Welcome to our dedicated page for Gildan Activewr SEC filings (Ticker: GIL), a comprehensive resource for investors and traders seeking official regulatory documents including 10-K annual reports, 10-Q quarterly earnings, 8-K material events, and insider trading forms.
The Gildan Activewear Inc. (GIL) SEC filings page brings together the company’s regulatory disclosures as a foreign private issuer listed on the New York Stock Exchange. Gildan files annual information on Form 40‑F and submits interim and transaction-related information on Form 6‑K under the Securities Exchange Act of 1934.
Recent Form 6‑K submissions referenced in the available data include management’s discussion and analysis, interim financial statements, and CEO and CFO certifications of interim filings. These documents provide detail on Gildan’s net sales, category performance in Activewear and Hosiery and underwear, gross margins, operating income, leverage metrics and capital allocation activities, as well as narrative commentary on its Gildan Sustainable Growth (GSG) strategy and demand conditions across markets.
Filings also cover transaction-related information.

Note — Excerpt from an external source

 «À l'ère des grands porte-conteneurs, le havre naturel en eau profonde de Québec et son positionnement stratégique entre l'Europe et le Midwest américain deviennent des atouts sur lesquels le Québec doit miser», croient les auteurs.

Gildan has used Form 6‑K to furnish materials incorporated by reference into a Registration Statement on Form F‑4/A and a related proxy statement/prospectus in connection with its acquisition of HanesBrands Inc., and to submit a Business Acquisition Report following completion of that transaction. These documents outline the structure of the combination, pro forma financial information and other details relevant to the enlarged basic apparel business.

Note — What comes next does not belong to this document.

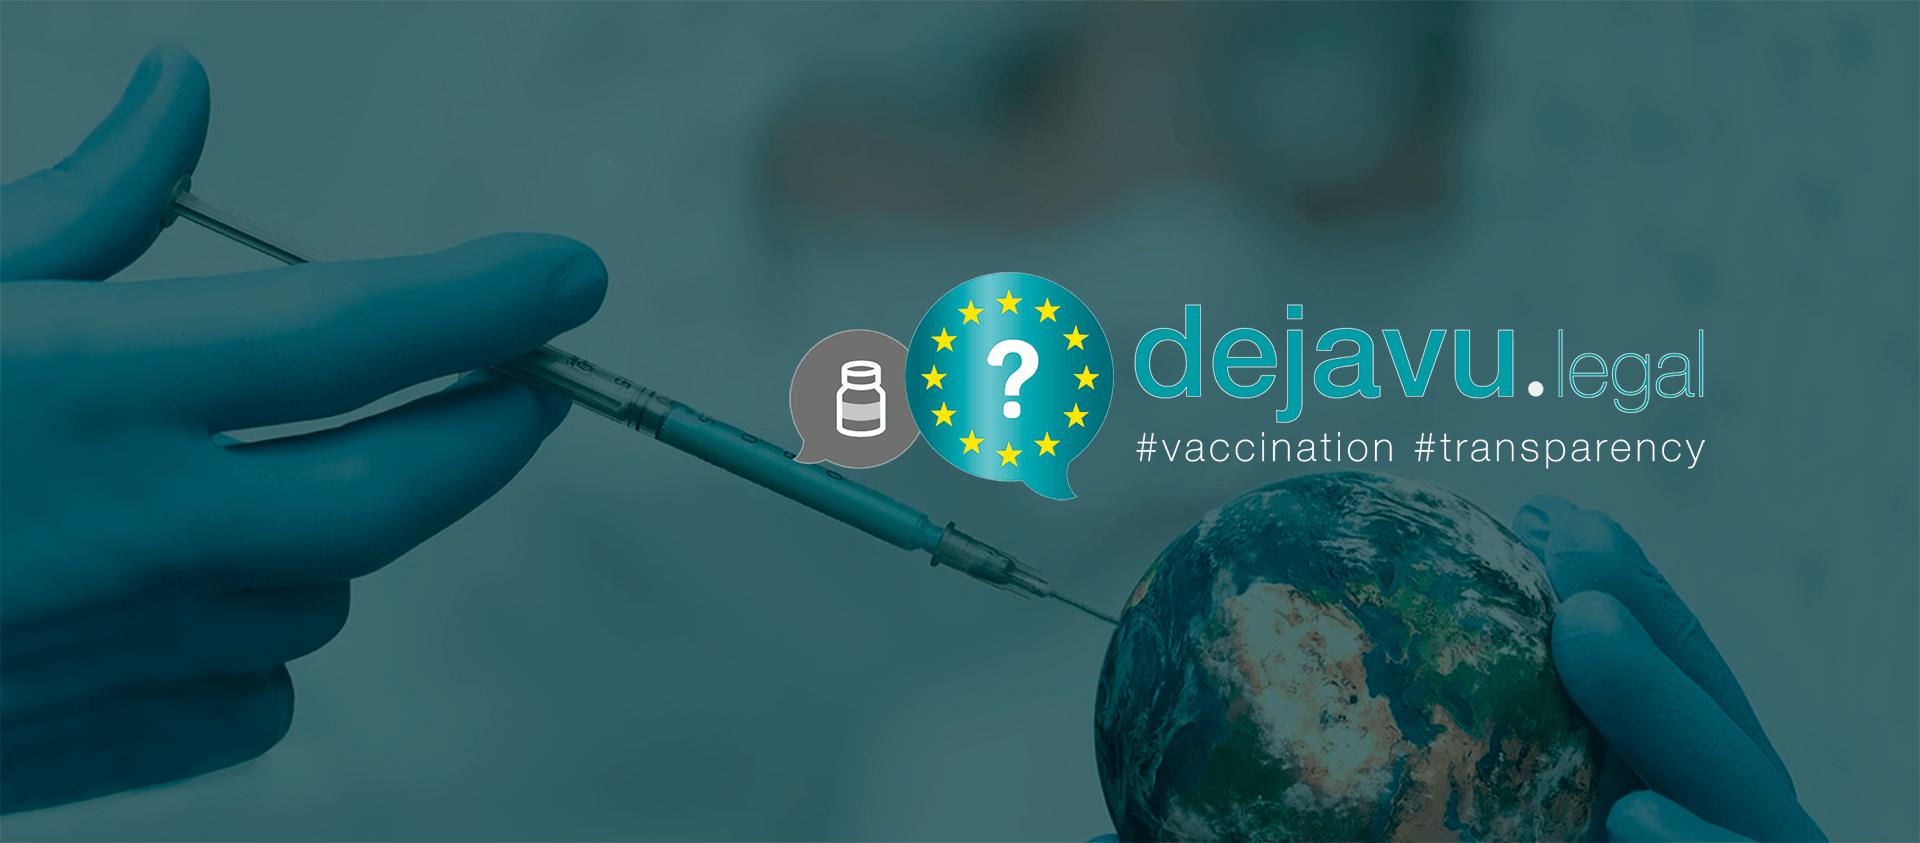 Vaccini Covid: supera le 100mila firme la petizione che chiede trasparenza alla UE

On this page, users can review Gildan’s Forms 6‑K and 40‑F as they are made available through EDGAR. Stock Titan’s platform adds AI-powered summaries that explain key points from lengthy filings, helping readers quickly understand revenue drivers, margin trends, leverage, and major transactions such as the HanesBrands acquisition without having to parse every technical section.
Gildan Activewear Inc. has filed a Rule 144 notice covering the planned sale of 1,322 shares of its common stock through broker Solium Capital ULC on or about December 9, 2025 on the NYSE.

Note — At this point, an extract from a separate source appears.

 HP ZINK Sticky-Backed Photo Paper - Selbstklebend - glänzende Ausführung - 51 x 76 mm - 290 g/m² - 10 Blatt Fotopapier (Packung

The filing lists an aggregate market value of $76,252.96 for these shares, compared with 149,230,000 common shares outstanding. The securities were acquired from Gildan Activewear Inc. through vesting of long-term incentive plan (LTIP) awards and purchases under the Employee Share Purchase Plan on September 21, 2025 and November 20, 2025, in each case without cash payment at acquisition because they arose from share vesting or the share purchase plan.
Gildan Activewear Inc. insider plans a small share sale under Rule 144. A holder intends to sell 1,189 shares of Gildan common stock through broker Solium Capital ULC on or around 12/03/2025 on the NYSE, with an aggregate market value of $94,950.59. The filing notes that 151,200,128 shares of Gildan common stock were outstanding. These shares were acquired on 11/20/2025 through vesting of deferral awards, with no cash payment since they were received via equity vesting.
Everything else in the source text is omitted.